MEET THE AUTHOR
Rosemary Collins speaks to LUCINDA HAWKSLEY – historian, lecturer and Charles Dickens’s 3x great granddaughter
Why did you want to write about Katey Dickens? She was somebody who I’d always been aware of since childhood. My parents used to own a painting of her which is sadly no longer in the family, and then when I was doing my Master’s degree she just kept appearing when I was researching other artists. She was friends with all of the major artists of her time, modelled for Millais twice and was a very well-respected artist herself, although she is completely forgotten about today. It’s extraordinary how people don’t remember her, even given that extra factor of being Charles Dicken’s daughter.
So I realised that this woman was somebody who needed a biography – her life was so fascinating and she was a really great artist as well. And it amazes me how few people except the most fervent Dickensians have ever heard of her name.
What’s it like writing a biography of someone that you’re related to? It’s a very different process to research a relation, as anybody who does genealogy will know. You feel that connection. I felt that I could understand more about Katey and her father, the way that they behaved, because of the family characteristics that relatives still have today. Frequently when I was researching her I’d think “Oh gosh, that’s just like so-and-so”, or “Oh wow, I can imagine what that would have been like because that’s what so-and-so does.”
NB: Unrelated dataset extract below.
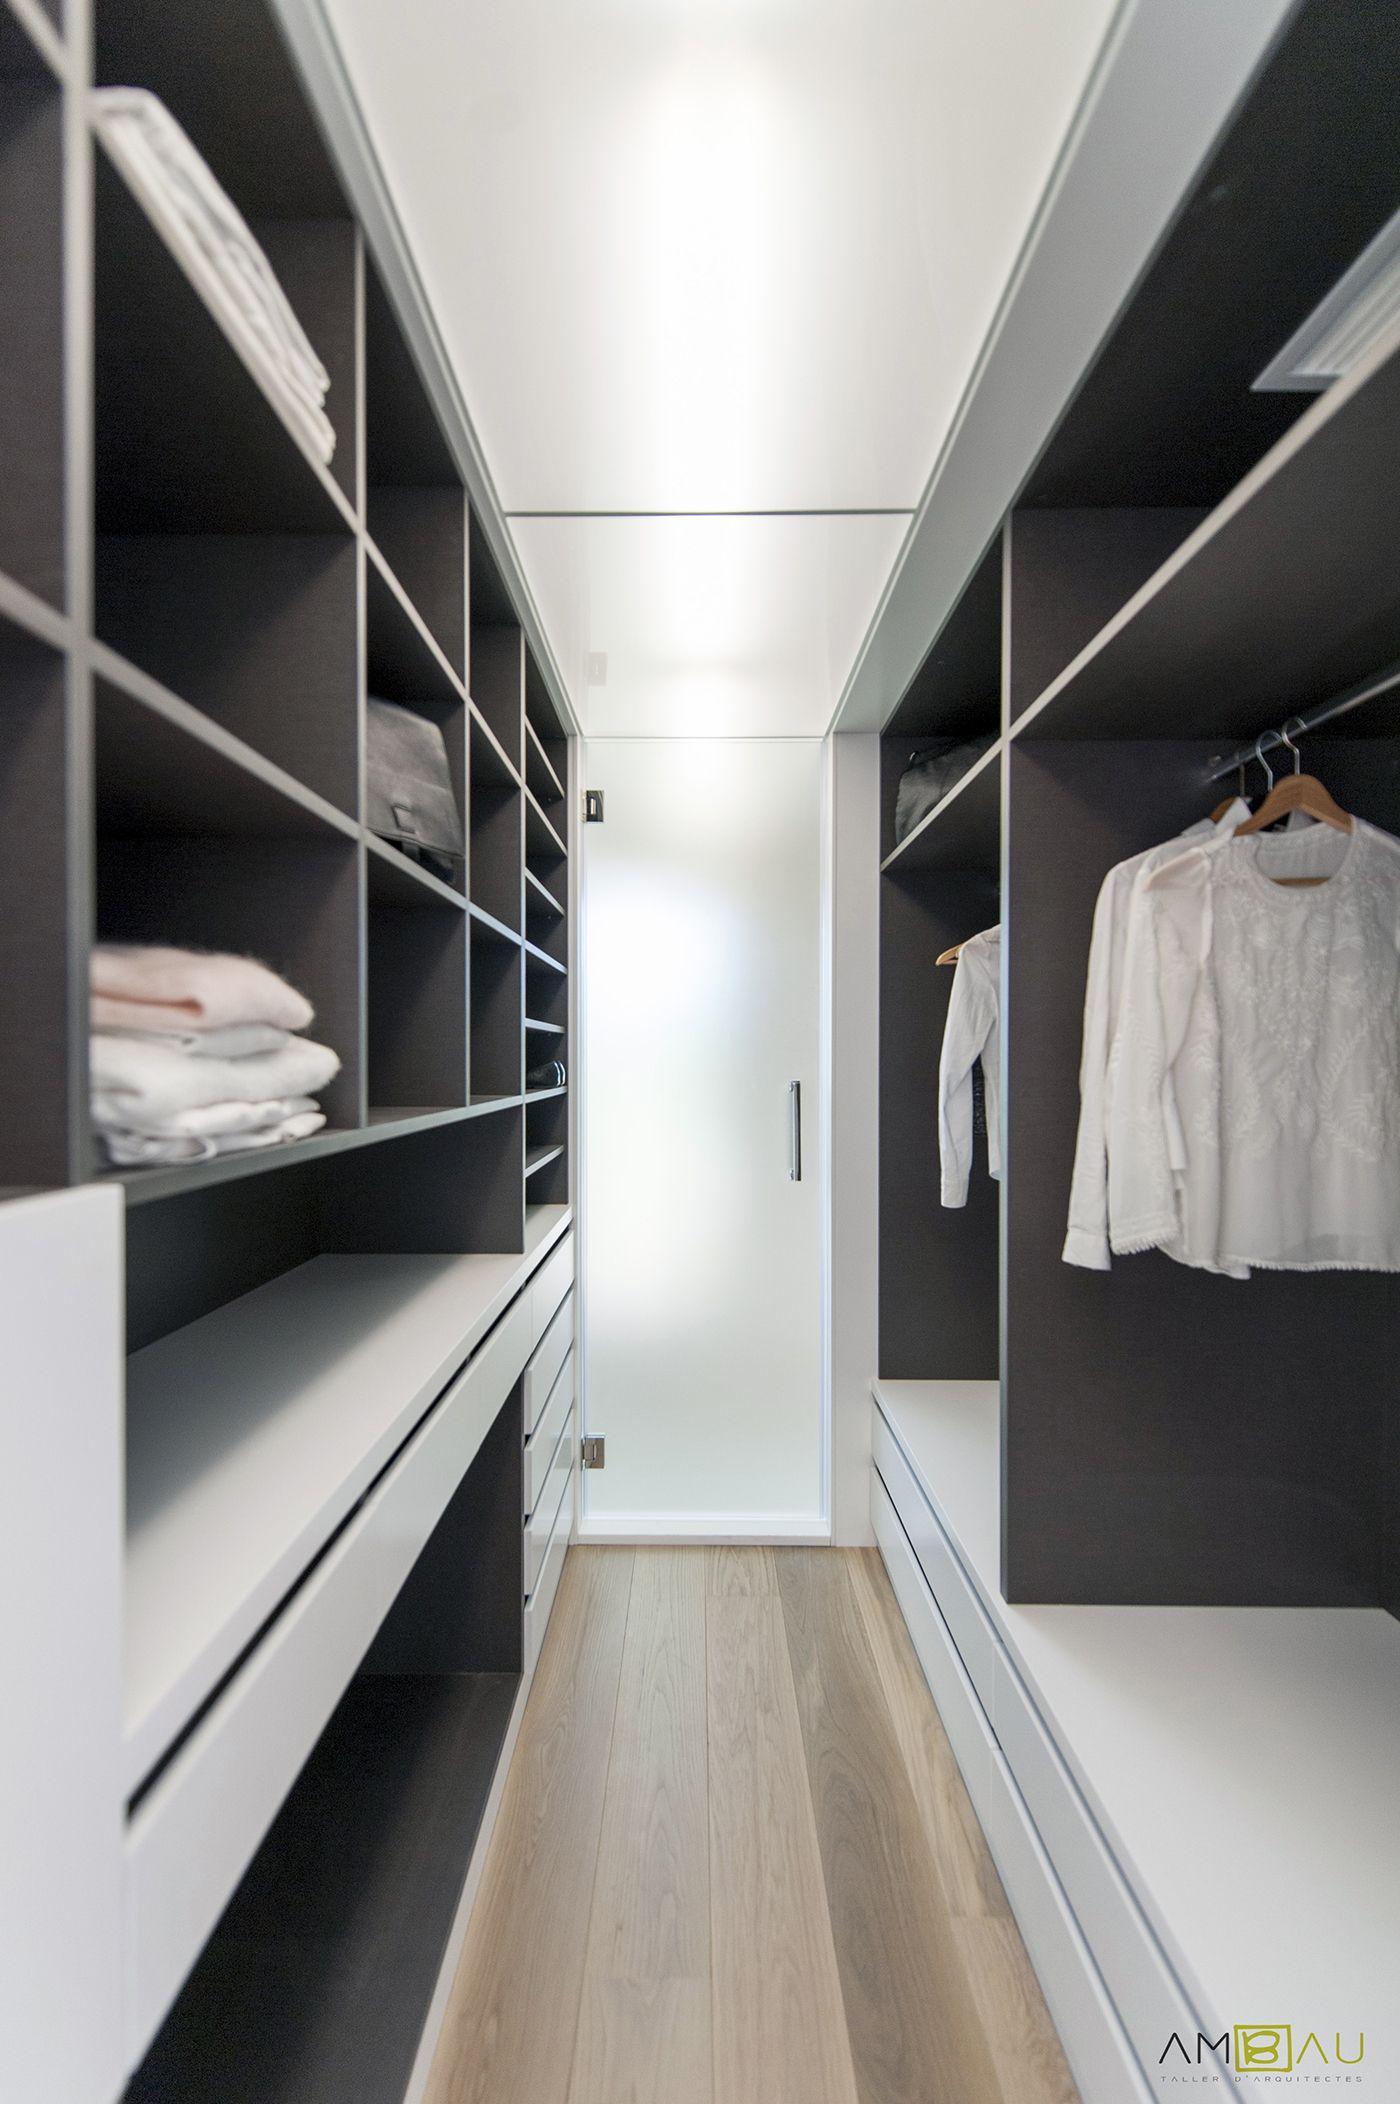 Ideas de dormitorio vestidor estilo contemporaneo for Master interiorismo valencia

How does the new edition of this book differ from the first edition from 2006?
A lot of Katey’s paintings are still owned by the families of the people who she painted. That’s why I updated the book, because so many people contacted me when the first book came out and said, “Wow, now I know who painted my great grandmother.” It was great that I was able to get a lot of information from them about paintings I’d seen that had been exhibited but I didn’t know where they’d gone to.